Friday, 18 February 2005

Anti-Americanism

Back from an unofficial hiatus, I ran across an excellent article from The Economist ($) that goes into some detail on anti-Americanism:

So what explains France’s reputation for anti-Americanism? The main answer is that it is proclaimed bombastically by so many of those in France who strike political attitudes. They do this partly because of the rivalry between France and America, based on their remarkably similar self-images: the two countries both think they invented the rights of man, have a unique calling to spread liberty round the world and hold a variety of other attributes that make them utterly and admirably exceptional. Jealousy also plays a part. America is often better than France at activities that the French take great pride in, such as making movies or even cooking—at least if popular taste is the judge. And French politicians are not blind to the value of criticising someone else in order to divert attention from their own failures: French anti-Americanism tends to rise when France has just suffered a setback of some kind, whether defeat at the hands of the Germans, a drubbing in Algeria or the breakdown of the Fourth Republic.

Not many countries share all these characteristics, but several have some of them. Take Iran, where political diatribes, religious sermons, rent-a-mob demonstrations and heroic graffiti regularly denounce the Great Satan and all his doings. Anti-Americanism is central to the ideology of Iran’s ruling Shia clerics. Yet Iranians at large, like the French, are not noticeably hostile to America. The young in particular seem thoroughly pro-American, revelling in America’s popular culture, yearning for its sexual freedoms, some even hoping for an American deliverance from their oppression. Whether the affection runs deep is another matter: pro-Americanism among the young is a form of anti-regime defiance that might evaporate quickly if their country were attacked.

Yet why should the clerics bang on so relentlessly about the United States when the British were just as deeply involved in the overthrow of Mohammed Mossadegh’s regime in 1953, when Iraq under Saddam Hussein posed a much greater threat, and when, recently at least, America has shown itself ready to get rid of the Baathists next door and pave the way for a Shia-led government in Iraq? The main explanation, as in France, is rivalry. Iran’s theocratic regime has clear ambitions to be a leader not just of the Middle East but of the entire Muslim world. America, now avowedly bent on spreading democracy across the region, is in the way.

The article is very balanced and very good.

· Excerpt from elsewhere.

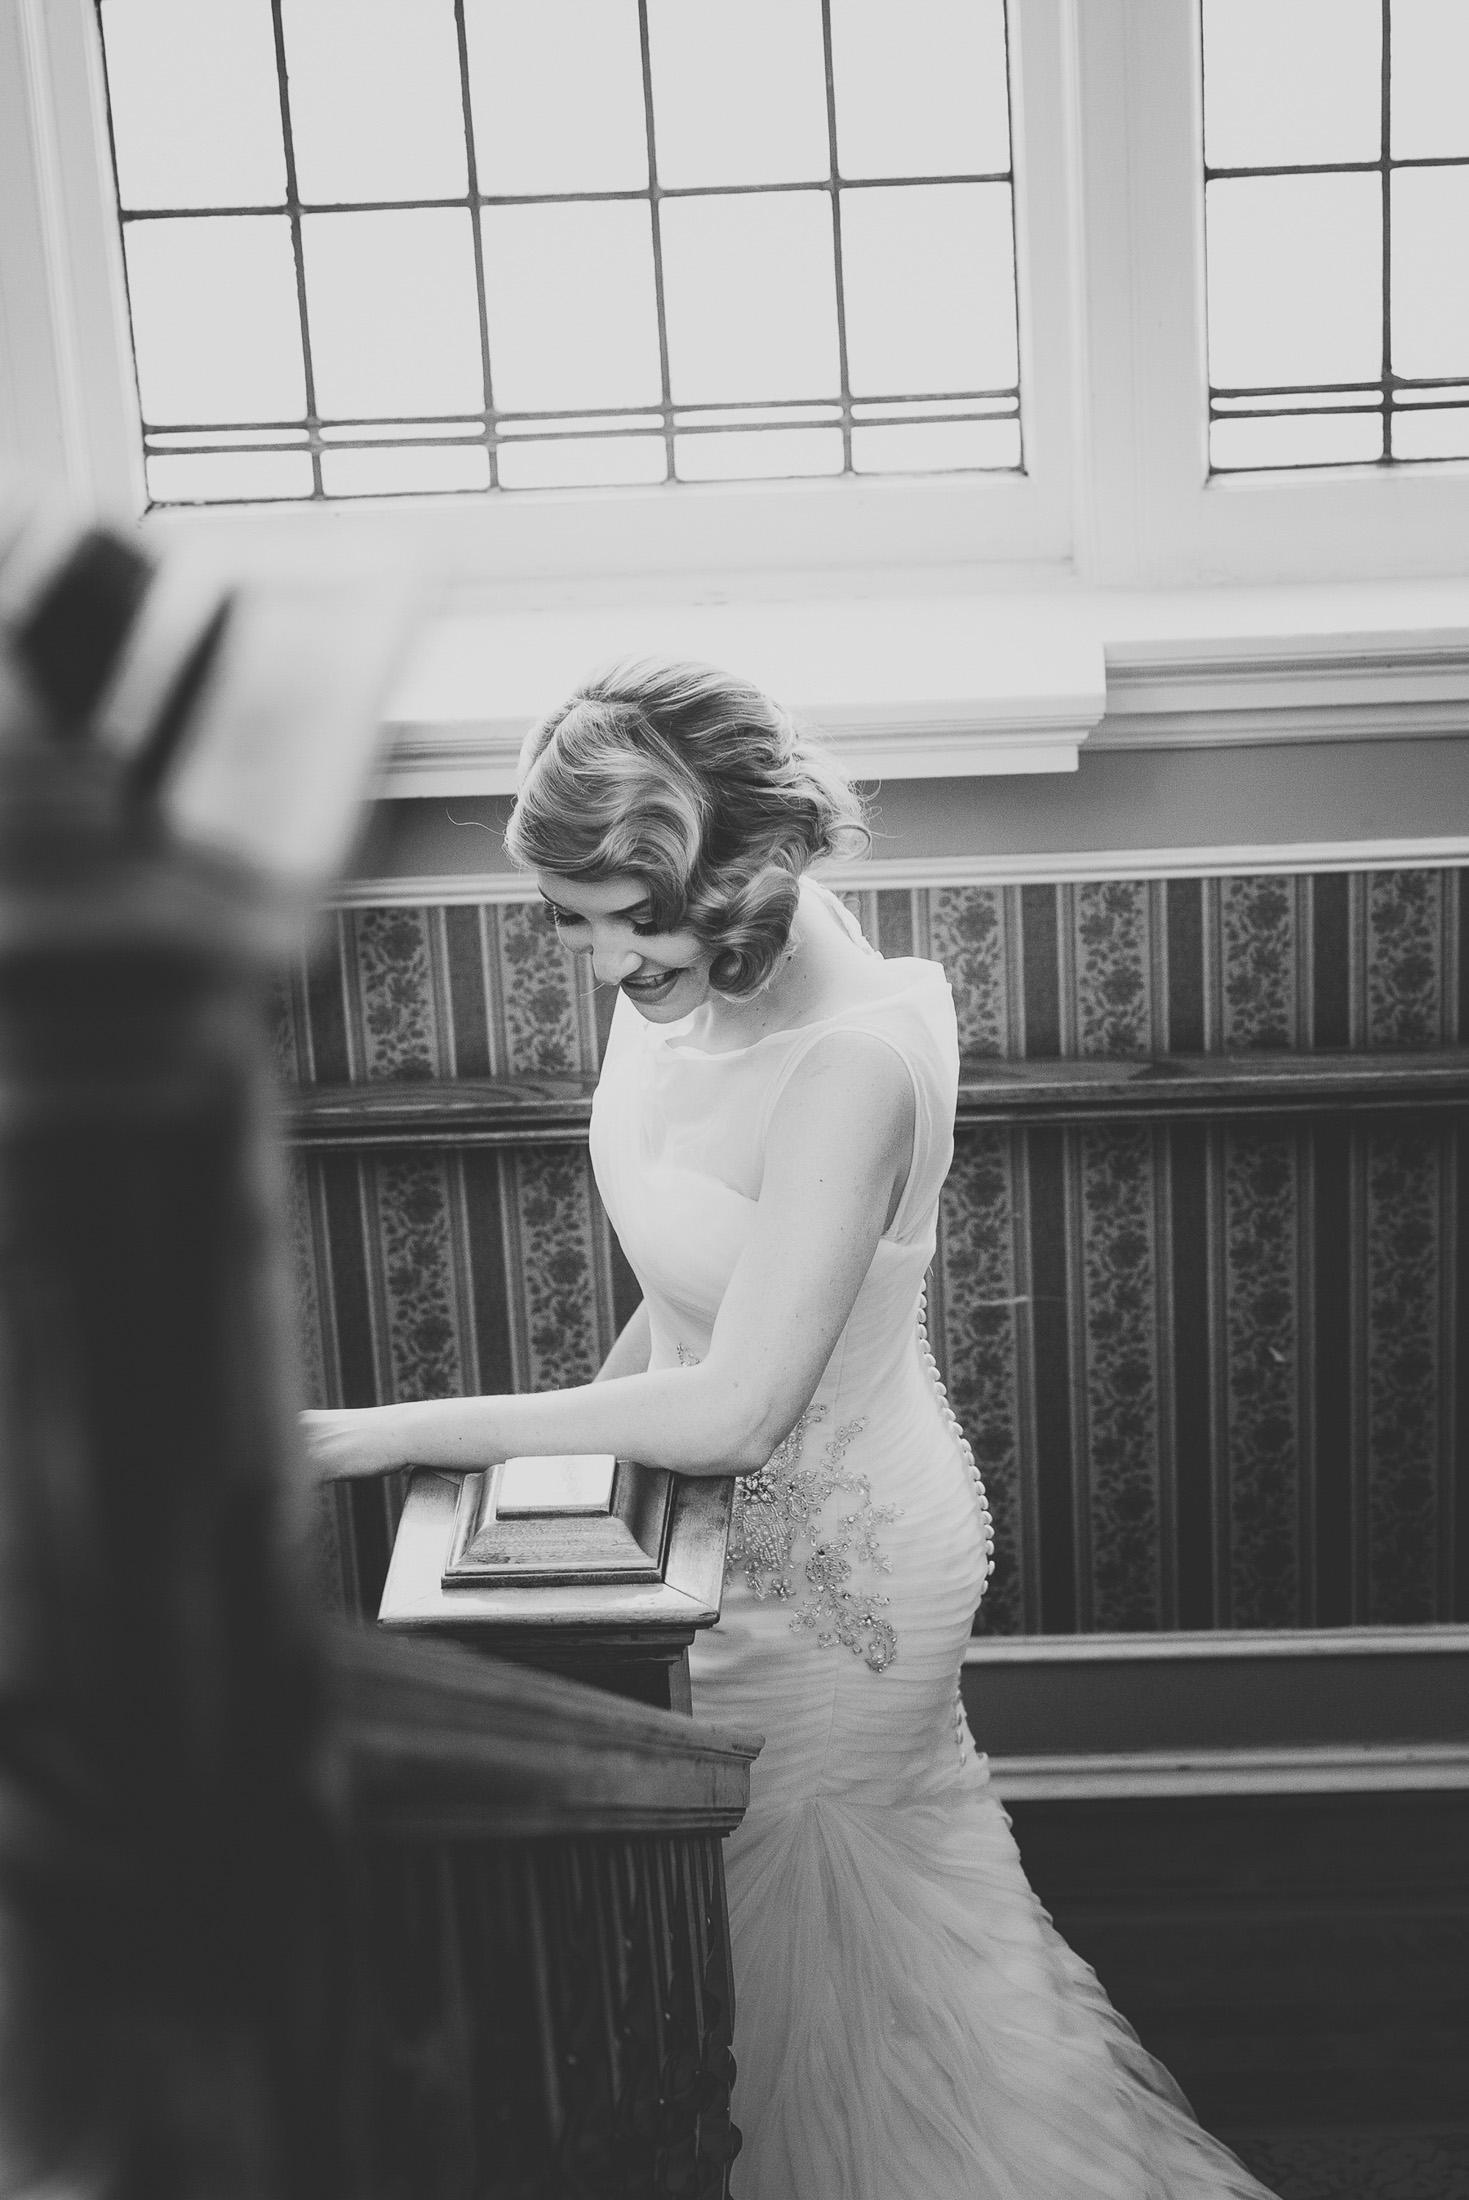 92elopement-photographer-colorado-denver_wedding_photographer_parkside_mansion_wedding_jessie&matt_0542_bw.jpg

The points about Iran are well-taken. If we go after Iran, some day, it had better be articulated as something that’s in our self-interest, rather than flowery rhetoric about spreading democracy. I support the flowery rhetoric, but it’s not enough to sell an invasion on. We need to go in expecting that we will get little or no gratitude for liberating a people, and that we are likely to receive bile instead. The cause may be humiliation due to needing an outside power to free them, or it might be because Europe is allied against us again. Either way, I doubt gratitude will be forthcoming in the short term. A couple of decades, maybe.

2 comments:

Any views expressed in these comments are solely those of their authors; they do not reflect the views of the authors of Signifying Nothing, unless attributed to one of us.
[Permalink] 1. Allen Prather wrote @ Sat, 19 Feb 2005, 3:54 pm CST:

Robert,
Have you forgotten your Marxist upbringing? You have turned into a running mad dog! A reactionary capitalist pig!...lol…j/k

By chance does the article discuss why there is so much Anti-Americanism in the USA itself? Or, better yet, does it say if the French actually know what the term “laissez faire” means? It is, afterall, a french word (or words):)

Allen Prather

 

Allen,

It doesn’t address anti-Americanism in our own country, though it does assign a lot of blame to the left outside of our country, though. The “America is bad because [insert complaint here] and I hate them”. They also address the French by saying that they view themselves in similar terms as us. The Enlightment started there, so they “invented” the rights of man, and so forth.